A mystery over a bike that two students each claim is theirs has landed on the doorstep of local pawn franchise, Cash Crusaders. Joshua Oates reports.
A mystery over a bike that two students each claim is theirs has landed on the doorstep of local pawn franchise, Cash Crusaders. Joshua Oates reports.
Third-year BA Law student Maqhawe Mmango got a nasty surprise when he returned after a lecture to where he'd parked his silver GT Avalanche mountain bike just over three weeks ago – only to be confronted by a furious fellow student and three members of the Rhodes University Campus Protection Unit.
To make matters worse, someone had secured his bike to a railing with a lock he had no way of opening. Sibusiso Mtshali's fury was understandable though. Also a student, he was on his way to a lecture when he saw what looked like the bike that had been stolen from him in February parked on campus. It even still had his chain and lock on it.

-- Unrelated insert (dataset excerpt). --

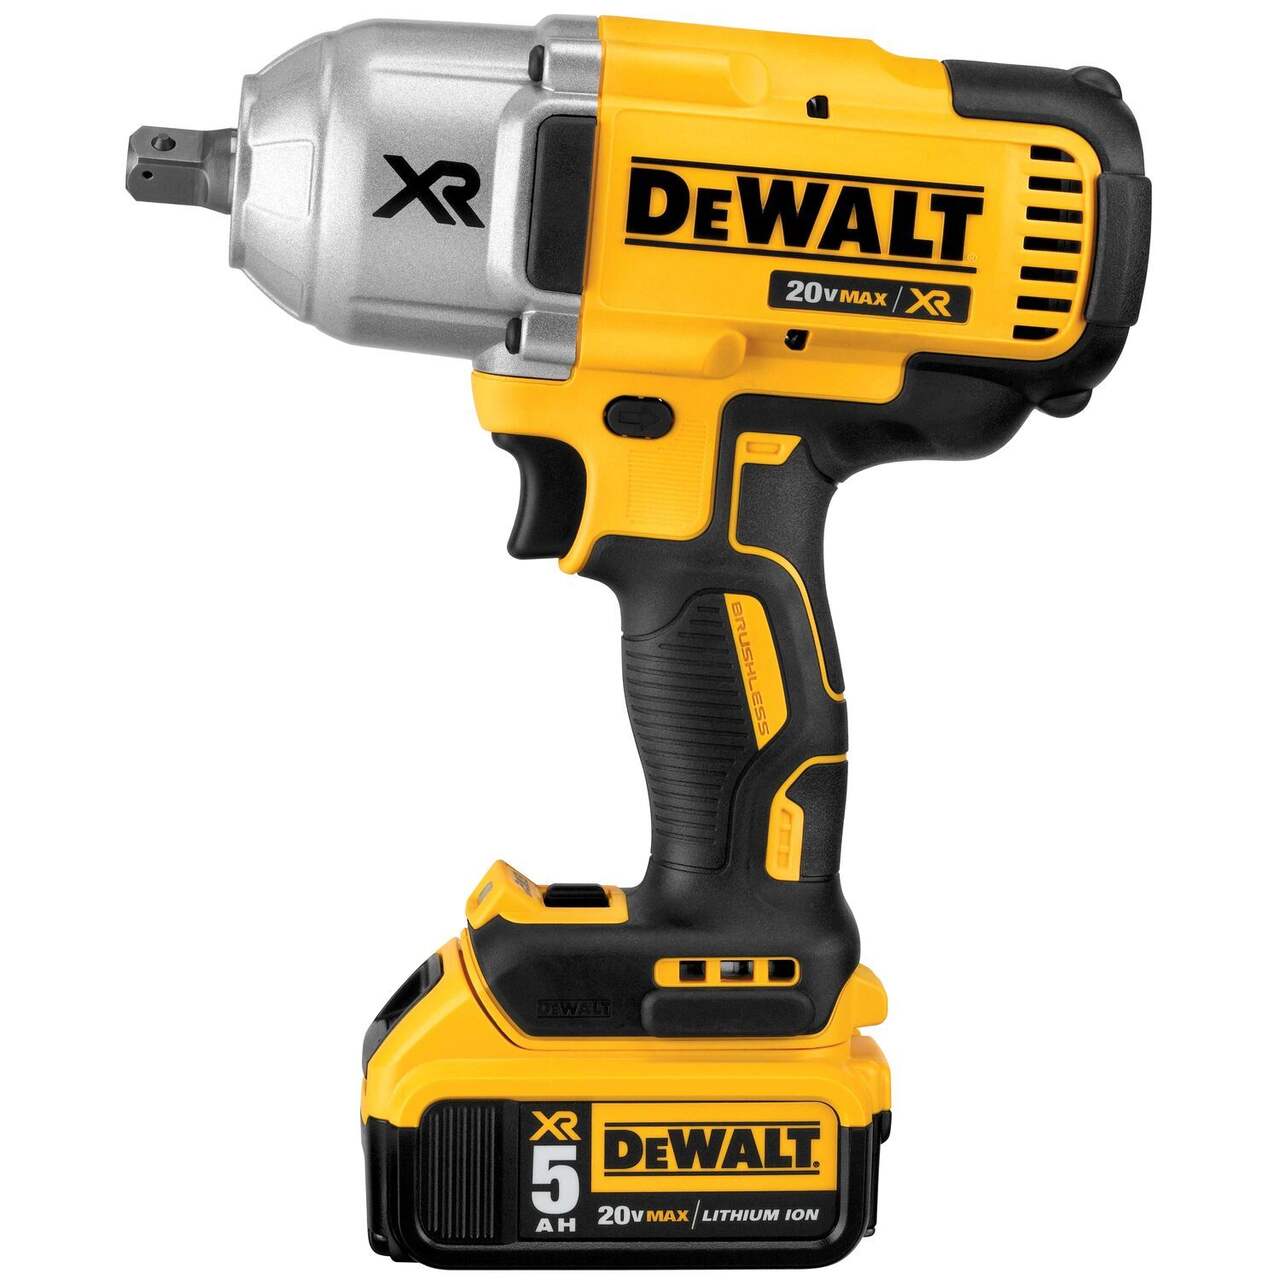 DEWALT DCF899P2 20V MAX XR 3-Speed Brushless High Torque Impact Wrench with  Detent Pin Anvil, 1/2-in

To check that it really was his bike, he used the key – which he luckily still kept on him – to open the lock and re-secure it to the railing, before getting backup from campus security to await the presumed thief and confront them.
But when they accused Mmango – the bike's new rider – of having stolen the bike, Mmango assure them he'd in fact paid close to R1 000 for it at Cash Crusaders. Mmango had bought the bike with a lock, but no key, from Cash Crusaders.
“I parked it on campus when I went to attend a lecture, and when I returned the bike was secured to a rail by its lock,” said Mmango. Sibusiso Mtshali, the bike's original owner, said it had been stolen from him in early February.
He said he hadn't reported it to the police because he had a busy schedule and had run out of time before returning home. He opened a case of theft only recently. The two students went to the police on Monday 2 April, to resolve the issue. Mtshali showed the police a receipt to prove that he was the original owner and they accompanied the two students to Cash Crusaders.
But when Grocott's Mail visited the shop, they said the police had taken the bicycle away. “We work closely with the police to prevent stolen goods from being re-sold,” said Annelise Etsebeth, of Cash Crusaders. They produced a file which documents all the cases of stolen goods which they have assisted the police in retrieving.
Mtshali said that the bicycle is valued at R2 600. Cash Crusaders bought it for R400, and then sold it to Mmango for R799. Bruce Haynes, a journalism student, went with Mmango to try and pressurise Cash Crusaders into compensating Mmango, but with no success. He has not been compensated, as no police case number has been given to Cash Crusaders to prove that the bicycle was indeed stolen.
“The police must show us a case number before we can give any money back,” said Cash Crusaders. “All we ask for is police documents, but they won’t give them to us.”
Cash Crusaders require an affidavit from the police and an identity document from all sellers before they can buy any goods of any value. Etsebeth said they'd given the details of the bike's seller to the Grahamstown Police, and the matter was being investigated.
On Cash Crusaders’ Stop Crime page, on their website, they state: “We are 100% committed to playing our part in creating a safer future for all South Africans and take a firm stand against crime. “Our stores and records are open to full inspection at any time and there is a time-lag of seven days before anything we purchase goes on sale.”
These seven days are a cool-off period during which anything that has been reported to be stolen, can be retrieved from Cash Crusaders before it is re-sold. However, the bicycle was with Cash Crusaders for four weeks before it was sold which, according to them, was ample time for police to retrieve it had it been reported stolen.
“We got it at the beginning of February and the original owner said that it was stolen at the end of February,” they said. Police investigations are still under way.